I've dealt with Microsoft marketing since the early 1990s. At first, I was flattered to be noticed by the most important software company in the world. But then things began to puzzle me. An editor for a Canadian computer newspaper, for example, would asked hard questions, and Microsoft marketing wouldn't particularly answer them. That was the first thing to catch my attention.
Then strange things happened to me, and by the mid-1990s, I began to read the experiences of other editors as they finally became brave enough to expose rot behind the aura of hubris Microsoft marketing cast about the company.
These "Microsoft Chronicles" are the stories of my experiences with Microsoft marketing.
Windows NT was perhaps the biggest event for Microsoft, the operating system to lift them out of the home and small-office markets (DOS and Windows v3.x) and into the profitable world of big enterprise. We tend to forget just how crucial NT was. Today, it forms the underpinnings of Windows 2000, XP, and Vista. NT was the first operating sytem they wrote themselves. (DOS was purchased from Seattle Computer Products; Windows technology was was based on the Macintosh; and OS/2 was from IBM.) NT wasn't entirely original, of course, because Microsoft had hired David Cutler from DEC to write the NT operating system, and he used concepts from DEC's VMS operating system. (NT was short for "new technology.")
In the early 1990s, Microsoft marketing was getting us computer journalists excited about the promise of NT, and they kept emphasizing its security. Heck, they even gave us copies of their "Inside Windows NT" book Microsoft had self-published (complete with "NT Promo NonUSA" sticker). Over and over again we were told, NT was a C2-level secure system certified by the USA's National Security Agency, no less. That puzzled me, however, because security was not an issue in the early 1990s. Few comptuters were networked, and almost none connected to the outside world. In those days, the primary danger came from sharing floppy discs infected with virii.

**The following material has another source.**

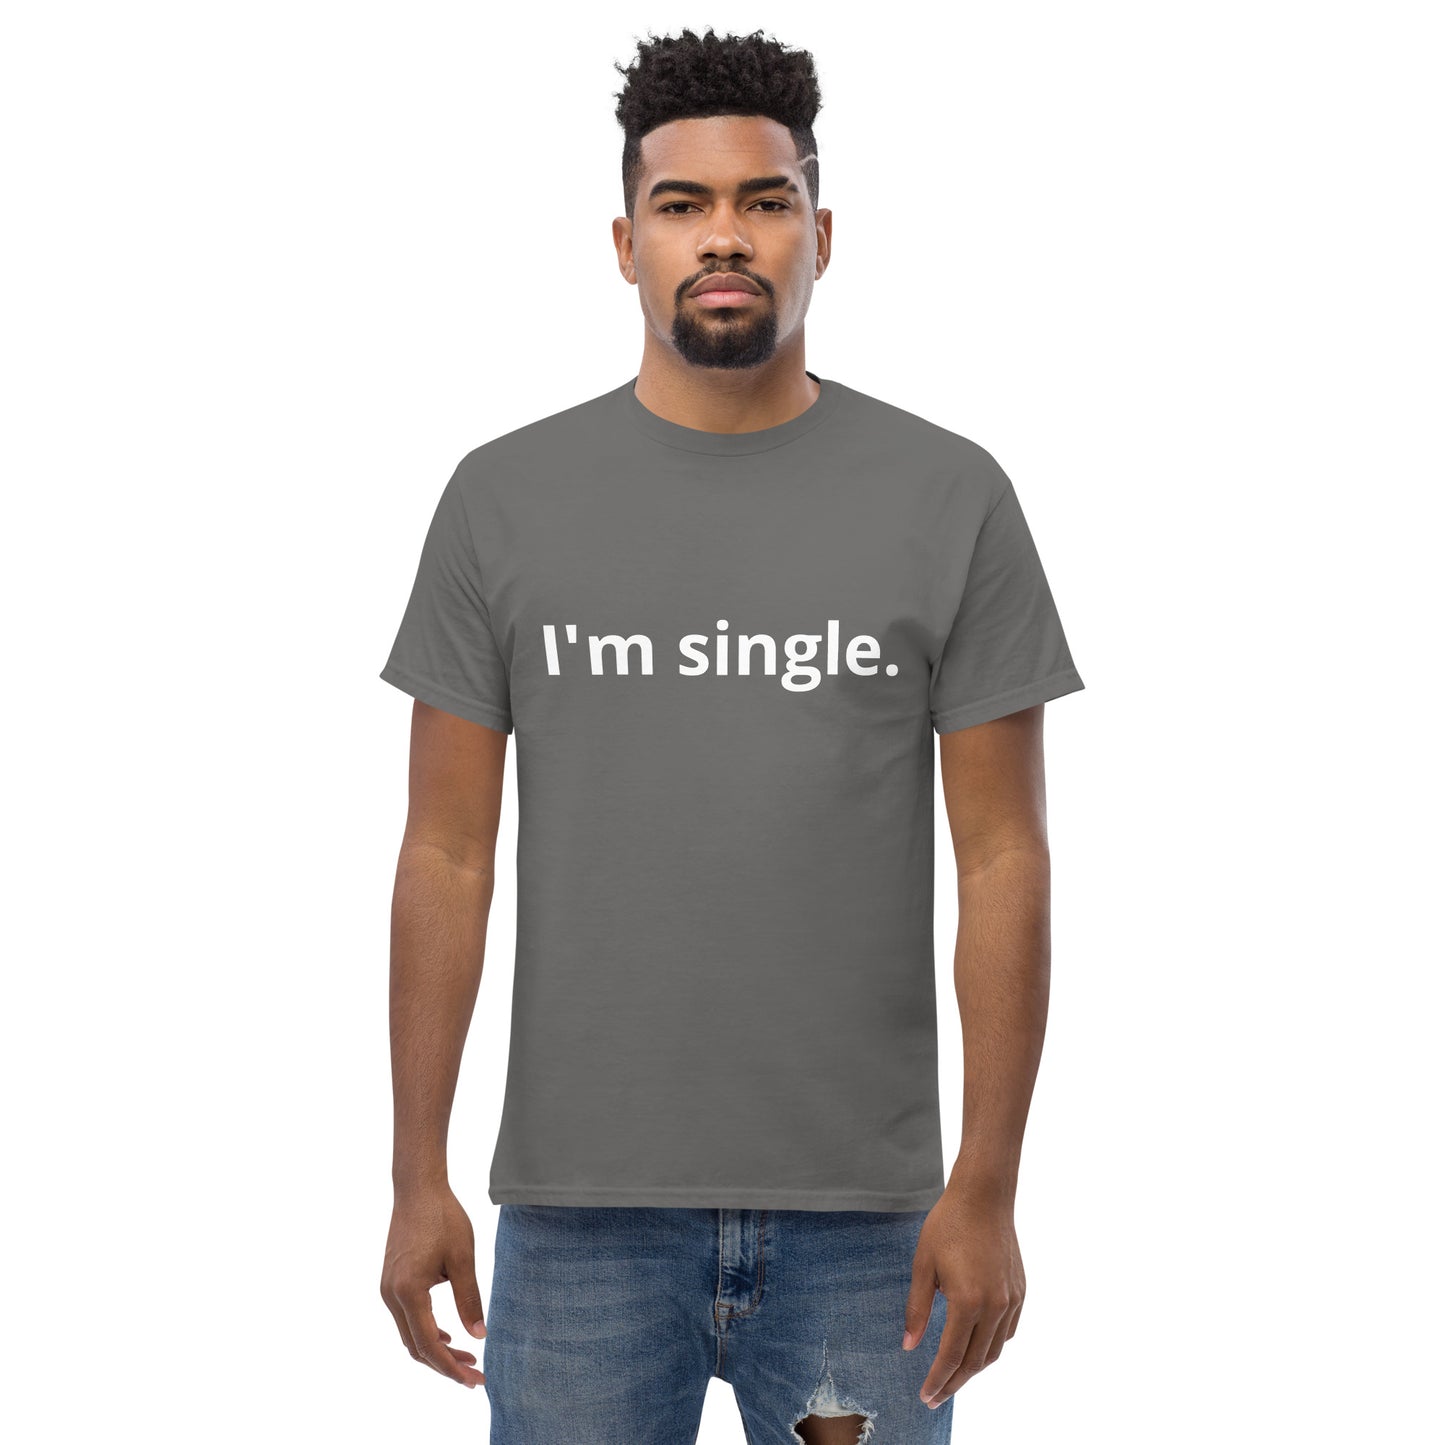 I'm single.

Why did Microsoft marketing place such emphasis on C2, other than that the abbreviation rolls nicely off the tongue -- "see two." (You can read the original Microsoft spin here.) Spin is used to cover up a shortcoming. Some possible shortcomings could include:
- NT was not secure in other areas, so let's emphasize C2.

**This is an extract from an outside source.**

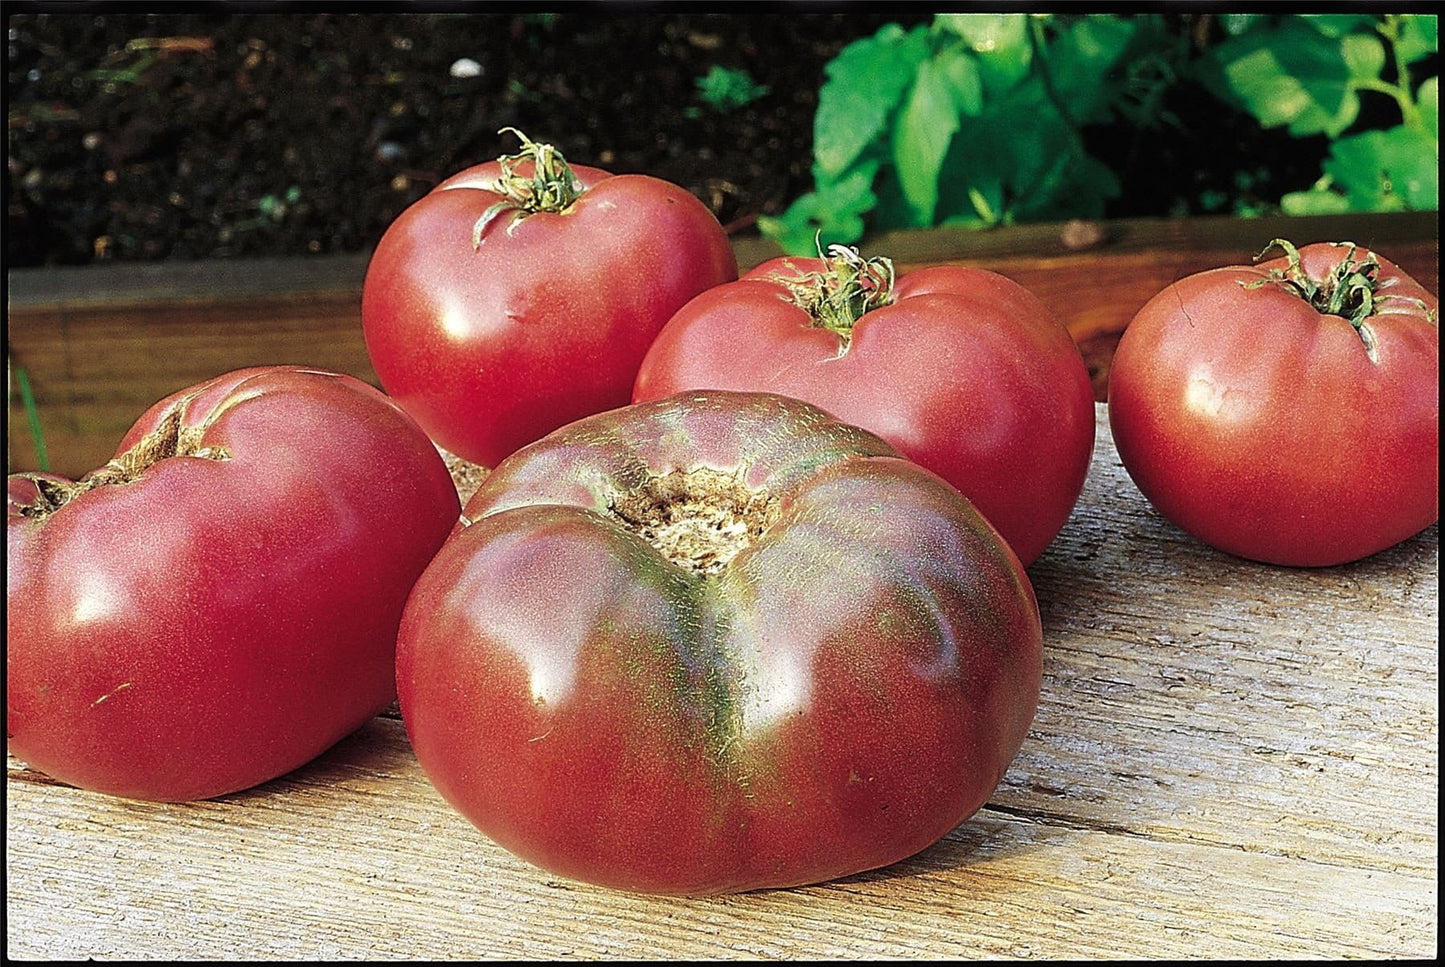 Tomato Cherokee Purple Seeds

- Microsoft is insecure in its ability to sell NT to large corporations, so let's emphasize C2, which they might like.
- NT was overly secure, so let's make the problem a feature.
The last reason was the correct one. The early releases was so secure that device drivers had problems working NT. Device driver problems = perhipheral problems.
I recall the constant C2 drumbeat washing over me. The American security designation was meaningless to us Canadian journalists. And besides, this was pre-Internet, so we couldn't research what C2 actually meant.
That changed when InfoWorld's Nicholas Petreley exposed the C2 scam in 1998. (You can read his expose here.) Basically, the C2 designation was valid only if the computer has no contact with the outside world via a network -- making it useless. You won't read that in Microsoft's loftily-written "Windows NT: C2 Security Overview," and the " "Inside Windows NT" book also leaves out that detail.
The entire C2 incident reminds me of the Proctor&Gambles of the world buying endoresement seals for their toothpastes.